FABLE: A Semi-Supervised Prescription Information Extraction System

Carson Tao ¹, Michele Filannino ^2,³, Özlem Uzuner ^2,³

PMCID: PMC6371278 PMID: 30815199

Abstract

Prescription information is an important component of electronic health records (EHRs). This information contains detailed medication instructions that are crucial for patients’ well-being and is often detailed in the narrative portions of EHRs. As a result, narratives of EHRs need to be processed with natural language processing (NLP) methods that can extract medication and prescription information from free text. However, automatic methods for medication and prescription extraction from narratives face two major challenges: (1) dictionaries can fall short even when identifying well-defined and syntactically consistent categories of medication entities, (2) some categories of medication entities are sparse, and at the same time lexically (and syntactically) diverse. In this paper, we describe FABLE, a system for automatically extracting prescription information from discharge summaries. FABLE utilizes unannotated data to enhance annotated training data: it performs semi-supervised extraction of medication information using pseudo-labels with Conditional Random Fields (CRFs) to improve its understanding of incomplete, sparse, and diverse medication entities. When evaluated against the official benchmark set from the 2009 i2b2 Shared Task and Workshop on Medication Extraction, FABLE achieves a horizontal phrase-level F1-measure of 0.878, giving state-of-the-art performance and significantly improving on nearly all entity categories.

1. Introduction

Electronic health records (EHR) contain significant amounts of factual information that is crucial to the overall well-being of the patients. Within this information, prescription information is an important component that contains detailed medication instructions. However, significant amounts of medication information are captured in narrative free-text portions of EHRs and are unavailable to systems that rely on structured knowledge representations for processing and retrieval. Automatic extraction of prescription information from free-text narratives can benefit medical studies and daily administrative tasks that need to work with structured data. For example, hospitals can build relational databases that link medication entries to patients’ medical histories so that the physicians can quickly skim through these records on future visits, especially under time constraints. Also, healthcare researchers can use extracted medication entities to build systems that predict future health conditions or incorporate them into decision support systems that can help diagnose rare diseases.

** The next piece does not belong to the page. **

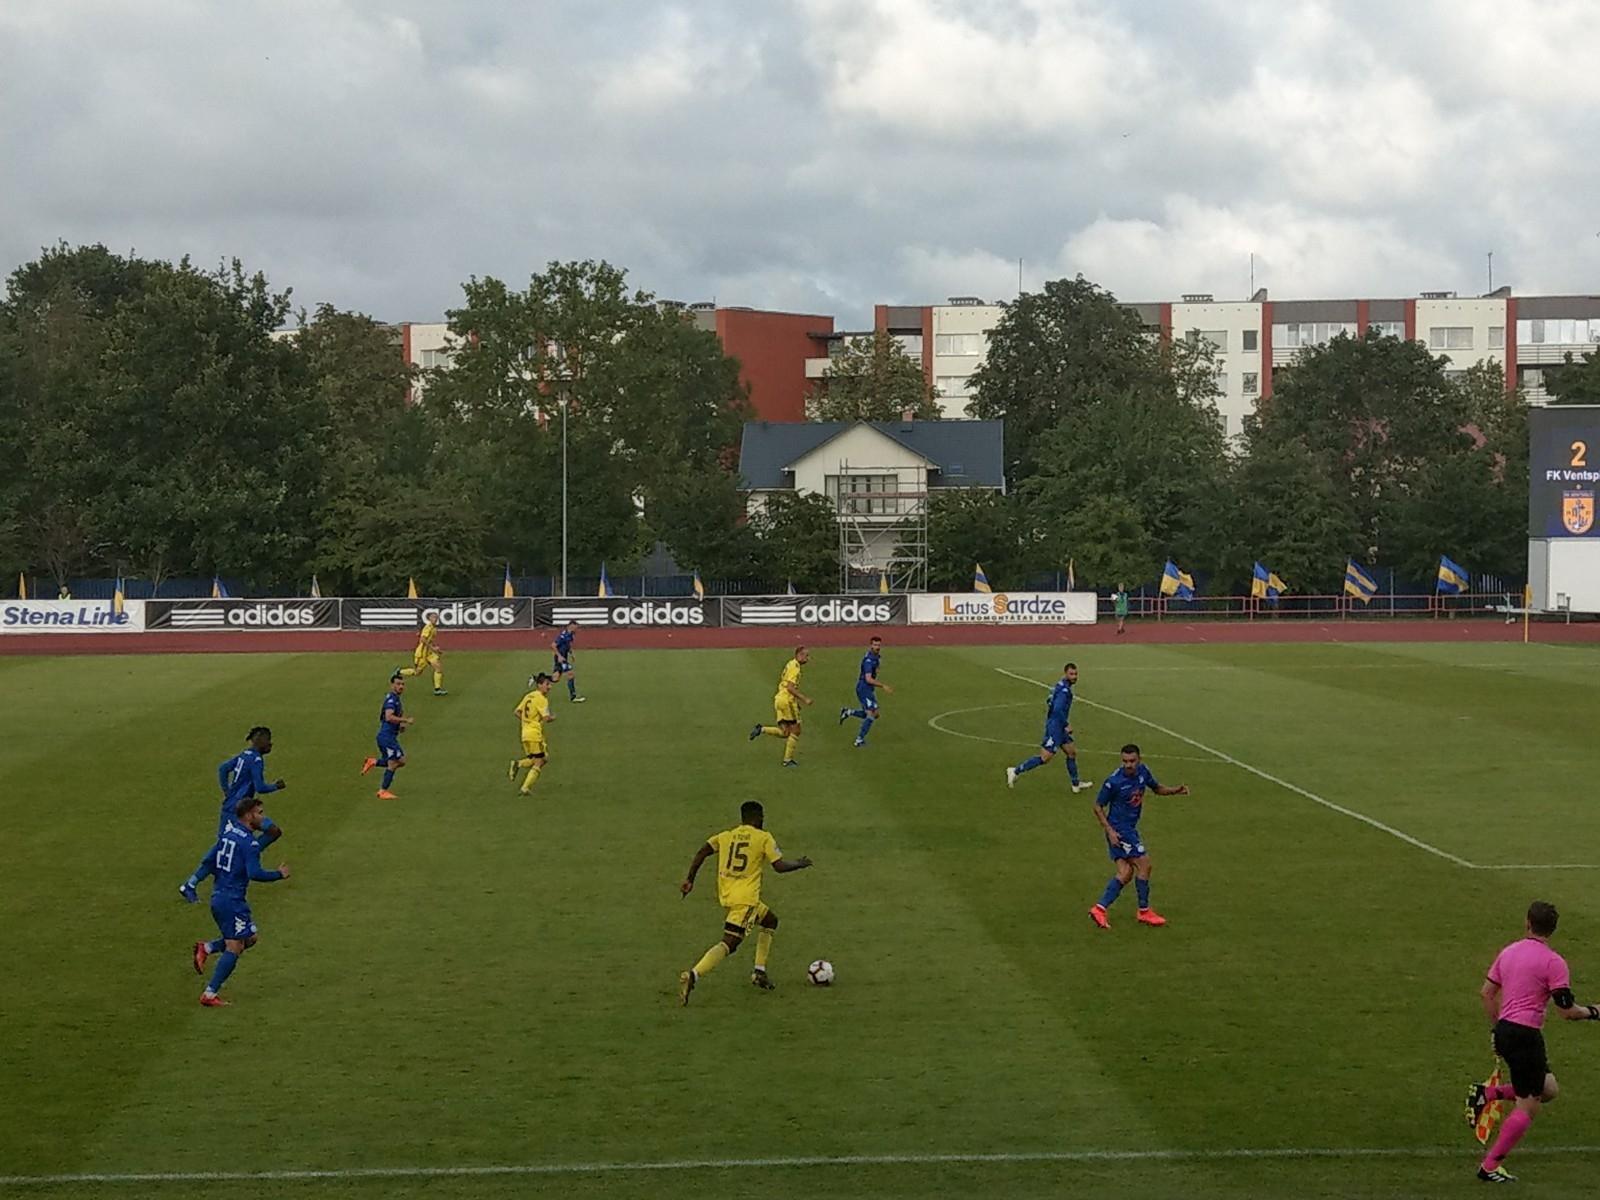 FK Ventspils - KF Teuta - 2019 - 12

Our goal, in this paper, is to present a system for extracting prescription information from narrative discharge summaries. Given free-text narratives of discharge summaries, our objective is to identify medication names, along with their dosages, modes (routes), frequencies, durations, and reasons. We refer to these categories of information as medication entities. We then link these medication entities with their associated medication names to generate medication entries. These entries constitute prescription information. For example, given the following excerpts:

Take Lopressor 25 mg by mouth twice a day for angina.
The patient was prescribed with Celebrex 200 mg p.o. bid for 3 days for pain relief.
Subcutaneous heparin 5000 units x3 daily to reduce the risk of blood clots.

our system generates the structured information in Table 1.

Table 1.

Medication entries for the textual excerpts above. Columns show the entities constituting each entry.

	Drug Name	Dosage	Mode	Frequency	Duration	Reason
Entry for excerpt 1	Lopressor	25 mg	by mouth	twice a day	N/A	angina
Entry for excerpt 2	Celebrex	200 mg	p.o.	bid	for 3 days	pain
Entry for excerpt 3	Heparin	5000 units	subcutaneous	x3 daily	N/A	blood clots

Open in a new tab

Automatic extraction of medication entities and entries from narratives can be challenging. This is because only some of the medication entity types are well-defined lexically, syntactically, and semantically. When expressed in free-text form, categories such as durations and reasons tend to be lexically and syntactically diverse, and at the same time sparsely represented in the data. Furthermore, even in the case of well-defined medication entities, such as medication names, dictionaries can fall short of identifying all medication names, their generics, and group names. This limits the use of dictionaries and at the same time poses challenges for supervised machine learning approaches to medication extraction. As a result, we need methods that can handle sparsely represented, and at the same time lexically and syntactically sparse medication entity categories. In this paper, we describe FABLE, a system for automatically extracting medication entries from electronic health records. FABLE stands for Factual Analysis in Biomedical Language Extraction. FABLE employs a semi-supervised machine learning approach based on Conditional Random Fields (CRFs) in order to capitalize on unlabeled (but more abundantly available) data to enhance recognition of sparsely represented, lexically and syntactically diverse medication entities while at the same time compensating for incomplete dictionaries of even the well-defined categories.

2. Related Work

2.1. Prescription Extraction

Early prescription extraction systems relied mostly on rules. One of the earliest medication extraction systems, MedLEE¹ was built with the purpose of extracting, structuring, and encoding clinical information within free-text patient reports. Similar to MedLEE, MetaMap² extracts medication information by querying the Unified Medical Language System (UMLS) Metathesaurus. These systems take advantage of external resources (e.g., professional gazetteers, clinical databases) and combine them with pattern-matching rules to identify medication entities from unstructured free texts. They solely focus on recognizing clinically-relevant entities without extracting the relations among them.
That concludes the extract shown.